2. Secondary Reference: General knowledge in the art of pharmaceutical tablet manufacturing.

Analysis:
The combination of the '729 patent and US 2005/0232988 teaches the composition of the tablet to be made. The question is whether the specific manufacturing method, particularly the use of an external lubrication system, would have been obvious.

The use of external lubrication systems on rotary tablet presses was a well-established and conventional technique in the pharmaceutical industry long before the patent's priority date. ODT formulations are known to be particularly challenging to compress, as they must be hard enough to withstand packaging and handling yet soft enough to disintegrate rapidly. Internal lubricants (like magnesium stearate blended into the powder) can sometimes impede water absorption and slow disintegration.

Motivation to Combine:
A POSITA responsible for compressing the ODT formulation of Claim 1 would have been aware of the potential manufacturing issues, such as sticking to punches and dies, and the negative impact of internal lubricants on disintegration time. To solve these known problems, it would have been an obvious and conventional choice to employ an external lubrication system. This approach allows for efficient tablet production while minimizing the amount of lubricant in the final tablet, thereby preserving the rapid disintegration characteristics essential for the product's function. The motivation is simply to apply a standard, known-to-work manufacturing technique to overcome predictable challenges in producing a specific type of tablet.

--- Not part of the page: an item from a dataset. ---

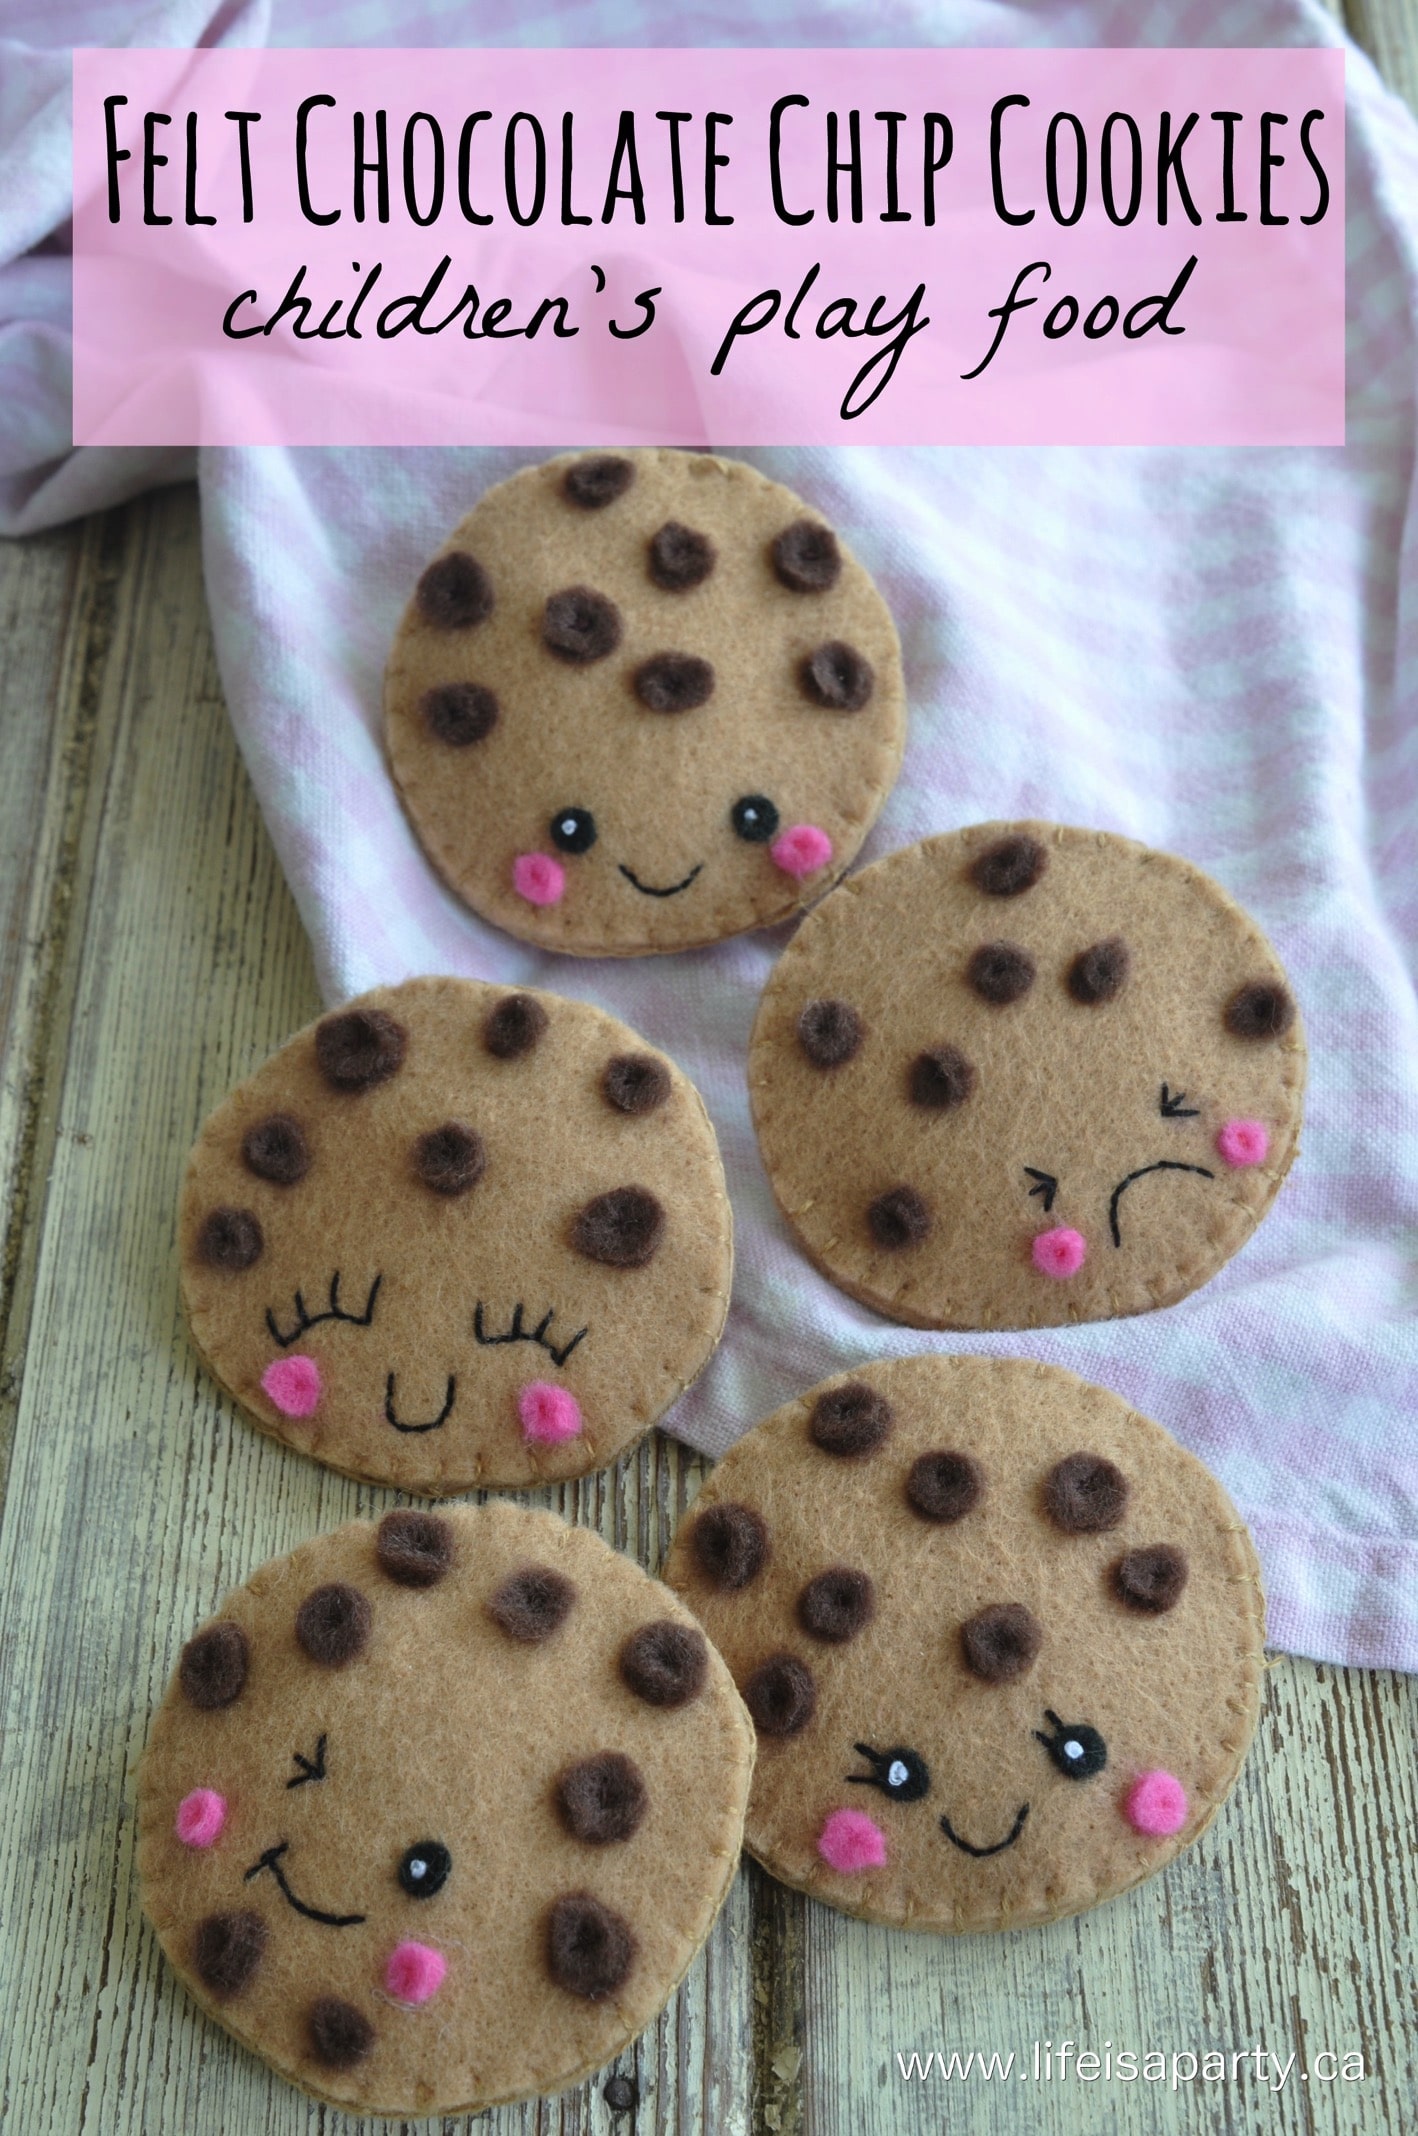 Felt Chocolate Chip Cookies -easy to sew, and the perfect play food for kids to enjoy. The little faces with their different expressions are adorable.

Obviousness of Claim 20 (Liquid Pharmaceutical Composition)

Claim 20 is directed to a substantially non-aqueous liquid composition containing a corticosteroid and a "bio-gelling polymer" that increases viscosity upon contact with the gastrointestinal tract.

Combination of Prior Art:

1. Primary Reference: The background disclosure of the '598 patent itself (and its family, e.g., the '729 patent), which describes the clinical need and prior "off-label" practices.
2. Secondary Reference: General knowledge in the art regarding mucoadhesive and in-situ gelling drug delivery systems.

Analysis:
The specification of the '598 patent establishes the problem to be solved: existing liquid corticosteroid treatments for EoE, such as mixing nebulizer solutions with sugar to create a slurry, are suboptimal because they are quickly washed away from the esophagus. The goal is to increase the residence time of the corticosteroid on the inflamed tissue.

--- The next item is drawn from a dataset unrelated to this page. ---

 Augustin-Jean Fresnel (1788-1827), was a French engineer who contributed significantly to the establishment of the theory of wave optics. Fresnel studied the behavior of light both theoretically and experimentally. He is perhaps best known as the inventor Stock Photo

The use of bio-gelling polymers (including thermosensitive, pH-sensitive, or water-activated polymers) was a well-known strategy in the pharmaceutical arts for achieving prolonged topical drug delivery. Numerous cellulose derivatives, polyacrylates (carbomers), poloxamers, and other polymers were known to form gels in-situ, increasing viscosity and adhering to mucosal surfaces.

Motivation to Combine:
A POSITA, faced with the problem of improving the esophageal residence time of a liquid corticosteroid, would have been motivated to find a way to make the formulation thicker and more adhesive after administration. The most direct and obvious way to achieve this would be to incorporate a known bio-gelling or mucoadhesive polymer into the formulation. A formulator would have reasonably expected that adding a known bio-gelling polymer to a liquid corticosteroid would result in a composition that gels upon contact with saliva and the moisture of the GI tract, thereby prolonging the topical contact of the drug with the esophagus. This represents the application of a known drug delivery technology to solve a clearly identified problem, with a high degree of predictability of success.